** Opening MATERIALS PROVIDED block **

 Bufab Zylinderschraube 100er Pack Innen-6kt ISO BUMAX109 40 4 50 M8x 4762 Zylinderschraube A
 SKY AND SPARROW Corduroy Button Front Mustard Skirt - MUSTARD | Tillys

** Closing MATERIALS PROVIDED block **
** Opening MATERIALS PROVIDED block **

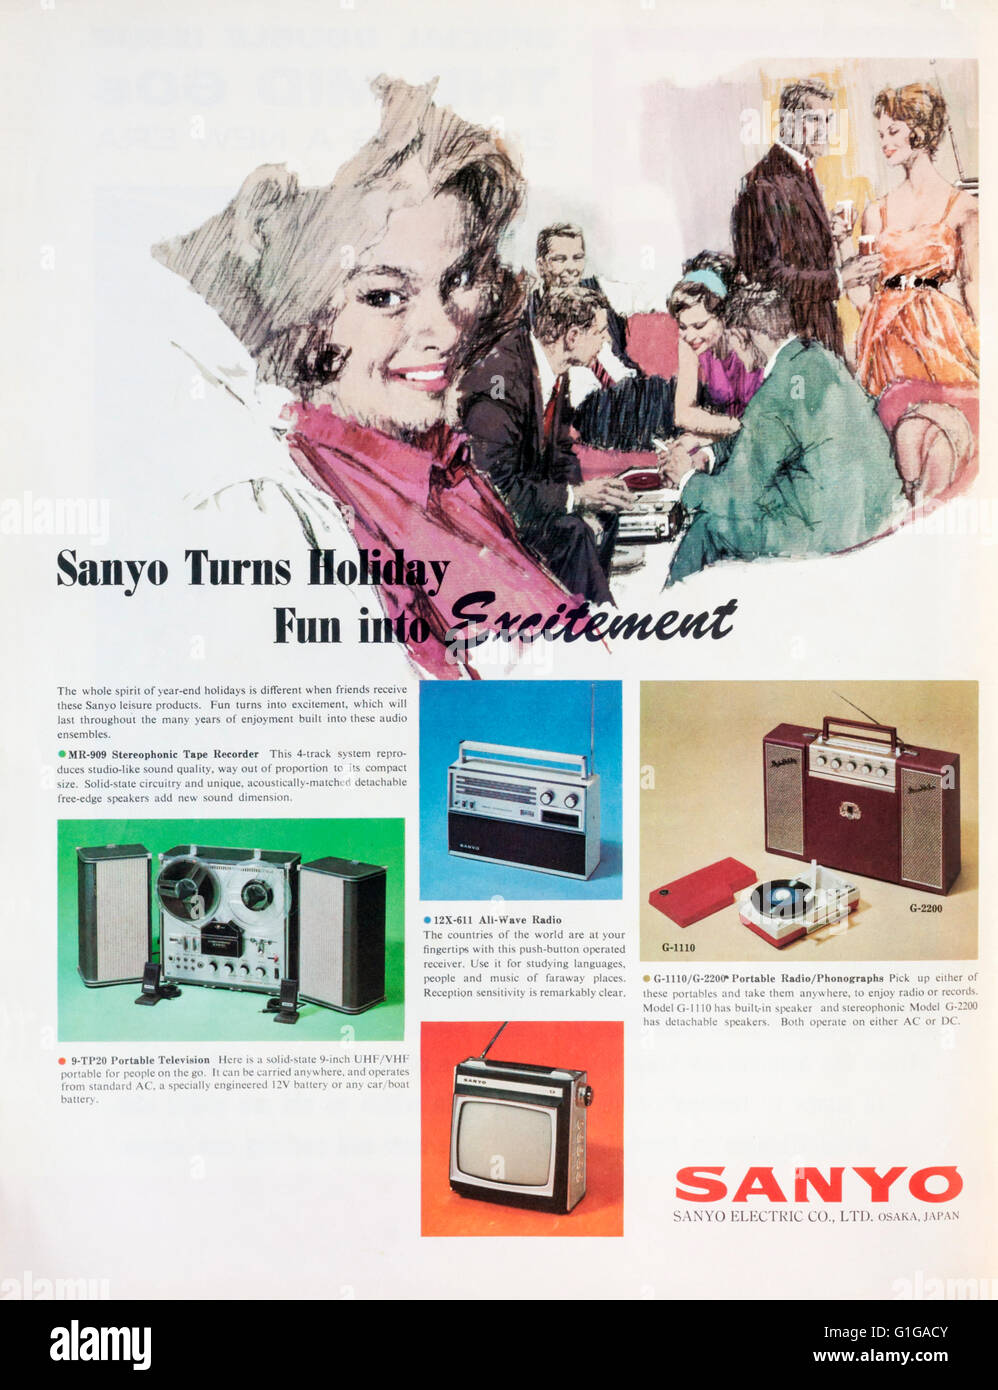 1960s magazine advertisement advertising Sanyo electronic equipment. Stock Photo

** Closing MATERIALS PROVIDED block **
** Opening MATERIALS PROVIDED block **

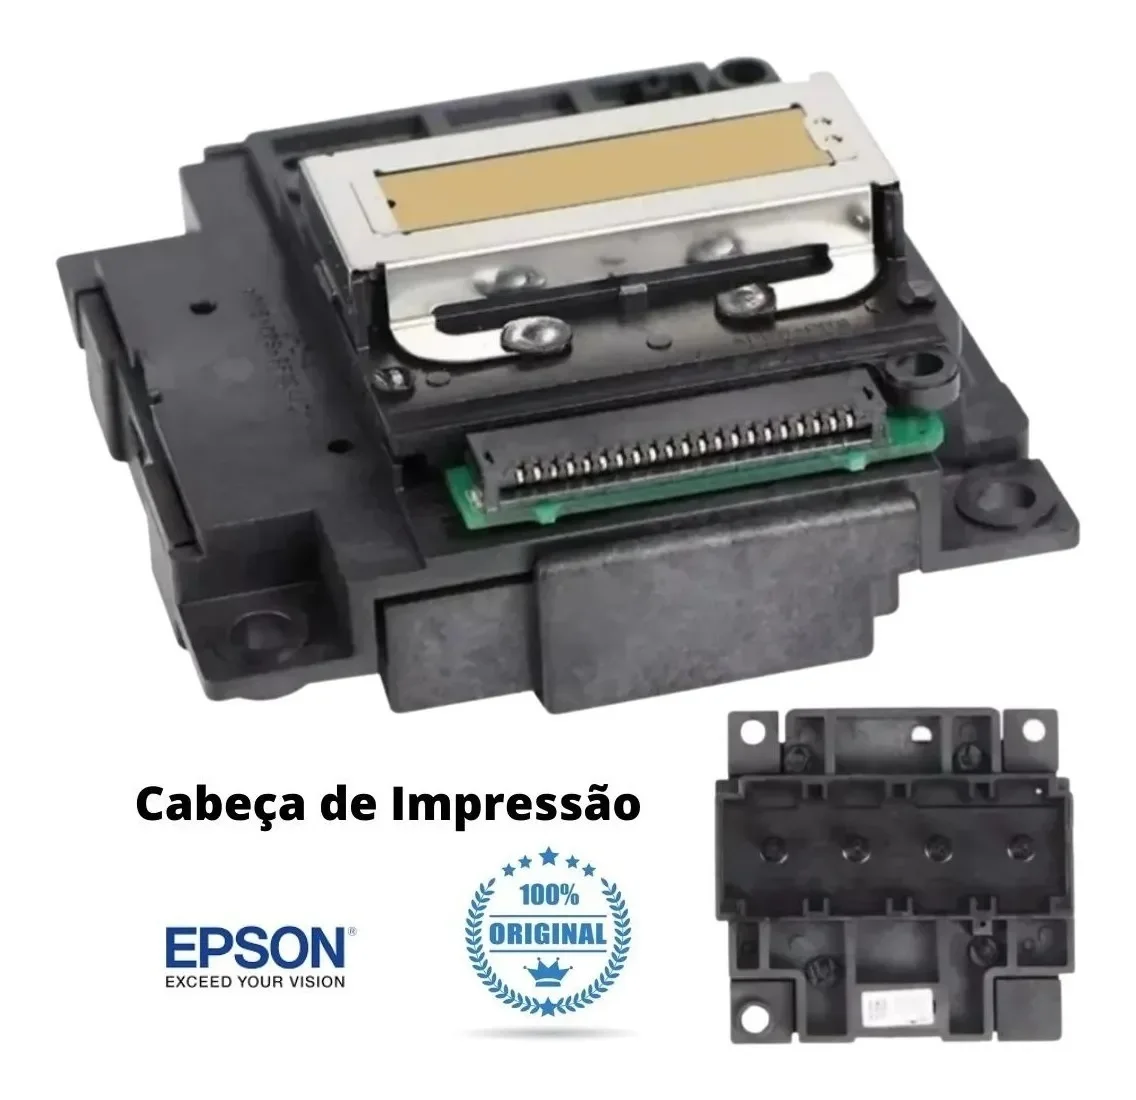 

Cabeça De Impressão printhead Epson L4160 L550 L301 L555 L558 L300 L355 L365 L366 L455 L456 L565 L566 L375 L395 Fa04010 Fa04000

** Closing MATERIALS PROVIDED block **

GOAL OF THE EXERCISE>
In the listing above, locate the line with "Bufab Zylinderschraube 100er" and the line with "SKY AND SPARROW", then extract exactly those lines and every line between them, and nothing more.

ANSWER SECTION>
 Bufab Zylinderschraube 100er Pack Innen-6kt ISO BUMAX109 40 4 50 M8x 4762 Zylinderschraube A
 SKY AND SPARROW Corduroy Button Front Mustard Skirt - MUSTARD | Tillys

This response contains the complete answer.